The function `.resample()` changed in pandas 0.18.1, so this was a learning process.

In [1]:
import numpy as np
import pandas as pd
print "This should be '0.20.1':"
print "pandas:         " + str(pd.__version__)
print "This should be '1.12.1':"
print "numpy:          " + str(np.__version__)

This should be '0.20.1':
pandas:         0.20.3
This should be '1.12.1':
numpy:          1.13.1


importing the data from the Library data sample.

In [2]:
useData = pd.read_csv(r'../data/170830_StateData.csv')

In [3]:
useData.head()

Unnamed: 0,computerName,dateStamp,state
0,DMC0021,2017-08-31 00:00:46.393,offline
1,DMC0014,2017-08-31 00:00:46.450,offline
2,DMC0009,2017-08-31 00:00:46.480,offline
3,CRR028,2017-08-31 00:00:46.507,offline
4,CRR017,2017-08-31 00:00:46.510,offline


This is an interesting exercise demonstrating that there are occurrences that evaluated to having occurred at the exact same millisecond.

In [4]:
useData[pd.to_datetime(useData.dateStamp).duplicated(keep=False)]

Unnamed: 0,computerName,dateStamp,state
181,DMC0016,2017-08-31 06:30:28.460,restarted
182,CRR017,2017-08-31 06:30:28.460,restarted
836,DDL0001,2017-08-31 10:57:09.637,offline
837,TL7001,2017-08-31 10:57:09.637,available


Verifying the status of the columns. 'dataStamp' should be a datetime64 field.

In [5]:
useData.dateStamp = useData.dateStamp.apply(pd.to_datetime)

In [6]:
useData.info()

<class 'pandas.core.frame.DataFrame'>
RangeIndex: 1049 entries, 0 to 1048
Data columns (total 3 columns):
computerName    1049 non-null object
dateStamp       1049 non-null datetime64[ns]
state           1049 non-null object
dtypes: datetime64[ns](1), object(2)
memory usage: 24.7+ KB


Testing functionality with a single computer. Working with iterating across the DataFrame later.

In [7]:
computerDataName = 'CITI002'

In [8]:
computerTimeArray = useData[useData.computerName == computerDataName]

In [9]:
computerTimeArray

Unnamed: 0,computerName,dateStamp,state
40,CITI002,2017-08-31 00:05:23.990,offline
88,CITI002,2017-08-31 00:06:00.460,restarted
499,CITI002,2017-08-31 09:30:04.523,in-use
791,CITI002,2017-08-31 10:52:06.430,available
792,CITI002,2017-08-31 10:52:07.003,offline
799,CITI002,2017-08-31 10:52:53.107,restarted


This turns the 'in-use' value into true, and all of the others into false. Since this analysis is based upon when a machine is not being used (as opposed to when it is offline/available/restarted) all other states are irrelevant.

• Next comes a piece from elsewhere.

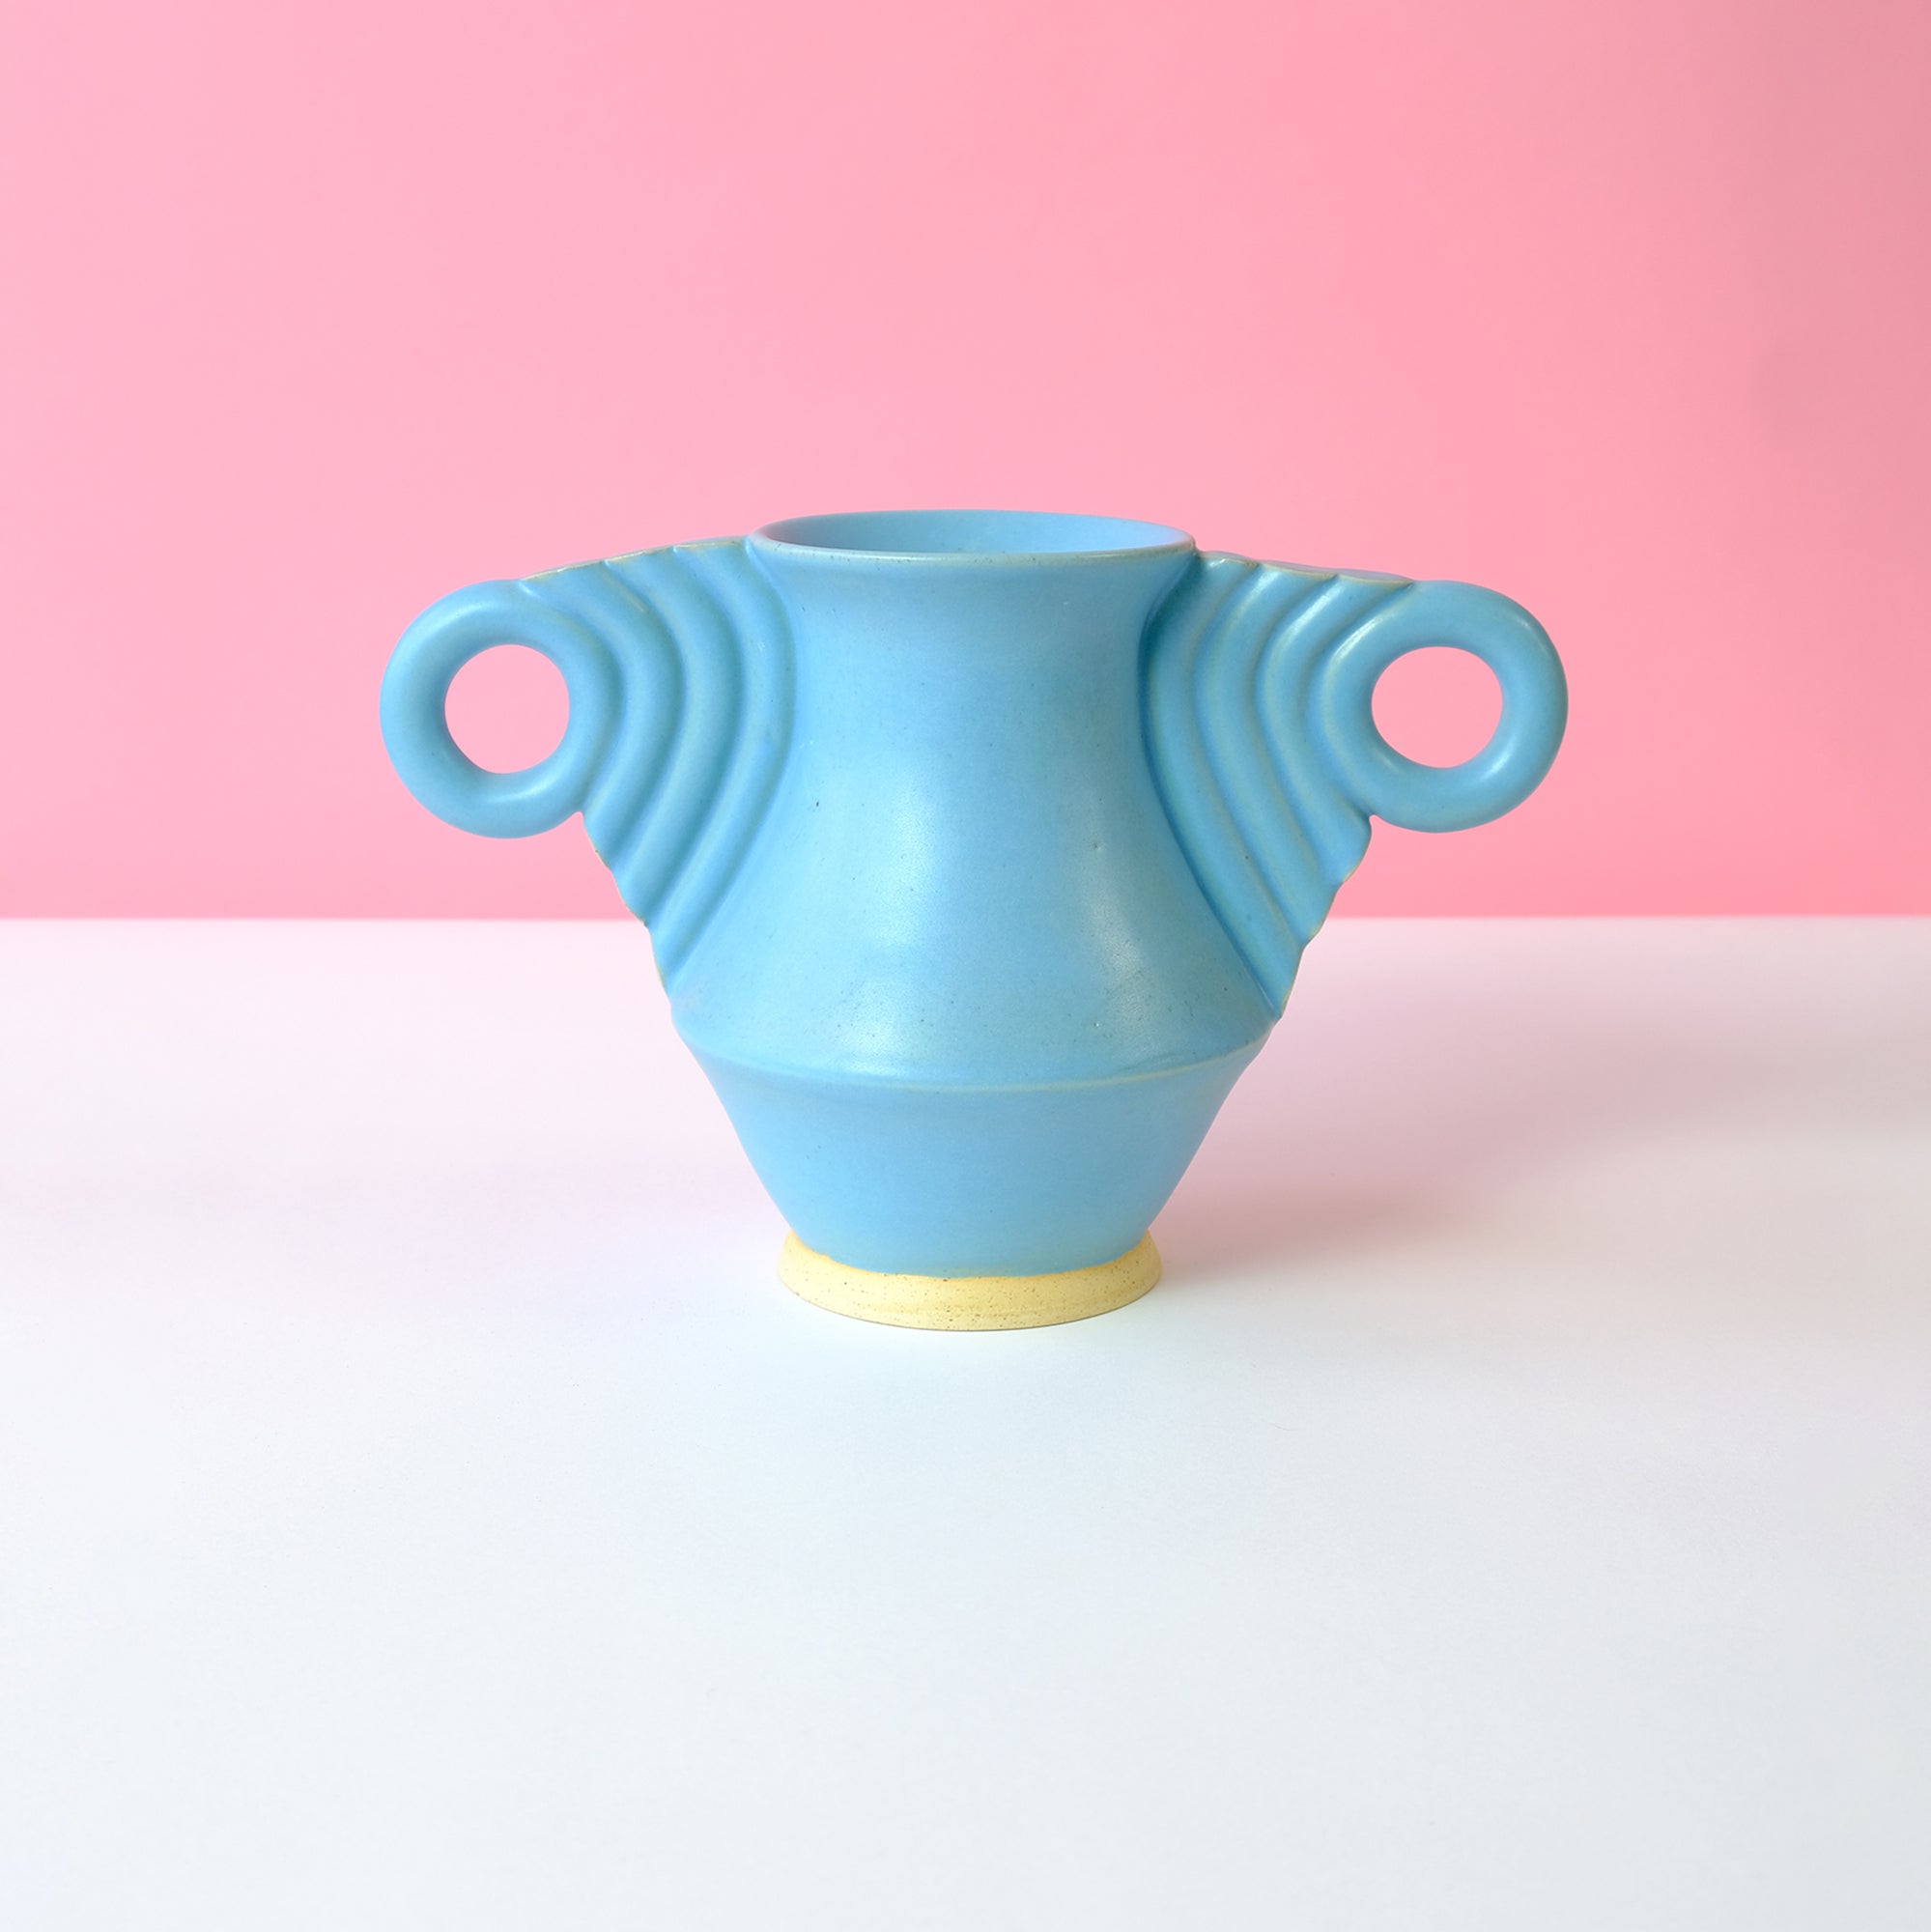 Beginner Ceramics Small Vase in Baby Blue

Will need to investigate copy/view on this error. May need to do this as a dataframe with `.concat()`.

In [10]:
computerTimeArray.loc[:,'state'] = pd.Series(computerTimeArray.state == 'in-use')

A value is trying to be set on a copy of a slice from a DataFrame.
Try using .loc[row_indexer,col_indexer] = value instead

See the caveats in the documentation: http://pandas.pydata.org/pandas-docs/stable/indexing.html#indexing-view-versus-copy
  self.obj[item] = s


Location data is irrelevant for a machine at this point. Also, location can be derived from machine name, machine location is (at this point) not that precise.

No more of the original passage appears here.